Successive Over-Relaxation (SOR) factor. When trying to satisfy constraints, one way to improve convergence is to “over-relax” the constraints. That is, if moving a particle 2 units to the left would satisfy the constraint for now, why not moving it 3 units? This is exactly what this factor is used for. 1 is the default value, which does not perform over-relaxation at all. 2 is the maximum, which allows you to perform twice as much (200%) relaxation on constraints. High values can be used to help speed up convergence in any of the two modes (sequential or parallel), but keep in mind that simulation stability can degrade. Values lower than 1 will only partially enforce constraints. For instance, with a relaxation factor of 0.25 constraints will only have a 25% of their normal effect.

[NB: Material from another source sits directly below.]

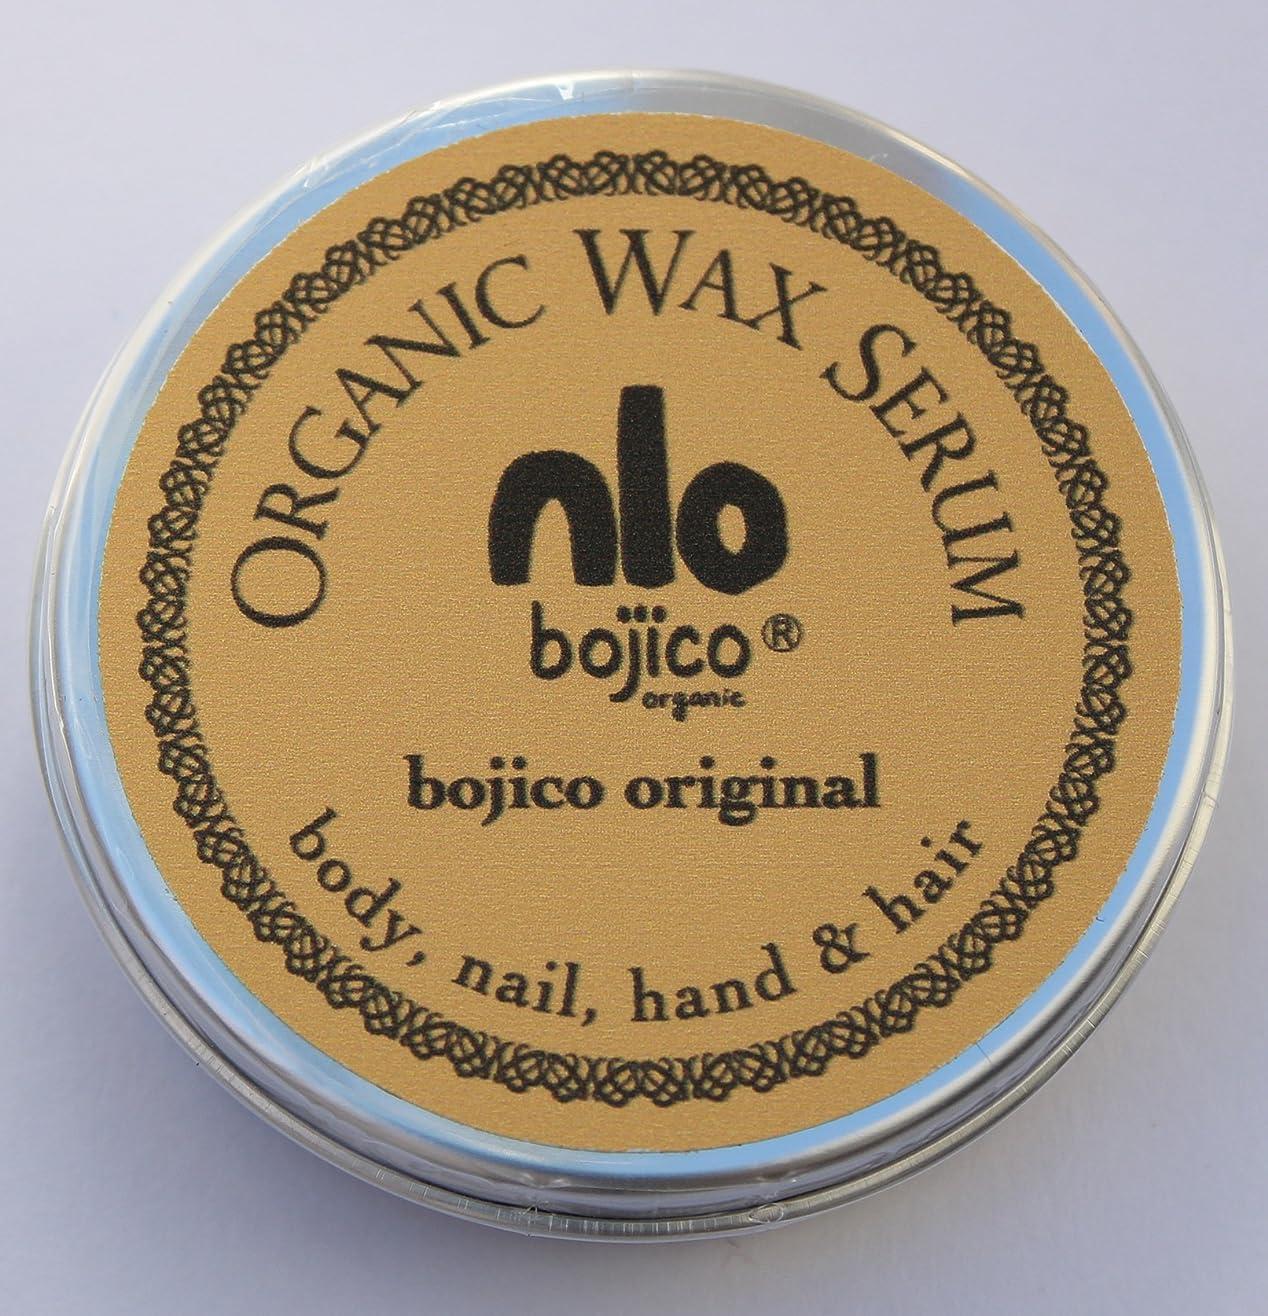 聴く現れる振りかけるbojico オーガニック ワックス セラム<オリジナル> Organic Wax Serum 40g

These settings allow you to control the amount of memory allocated by a solver:
Maximum amount of results returned by queries on a single frame. Any results that exceed the maximum will be ignored.
Maximum amount of advected particles that can be simultaneously simulated by the solver.
Amount of preallocated voxel chunks for fluid surface meshing. For more details, see fluid rendering.
Amount of memory allocated to store the indices of neighbor particles for each fluid particle.
Amount of contacts against colliders or other particles each particle can have.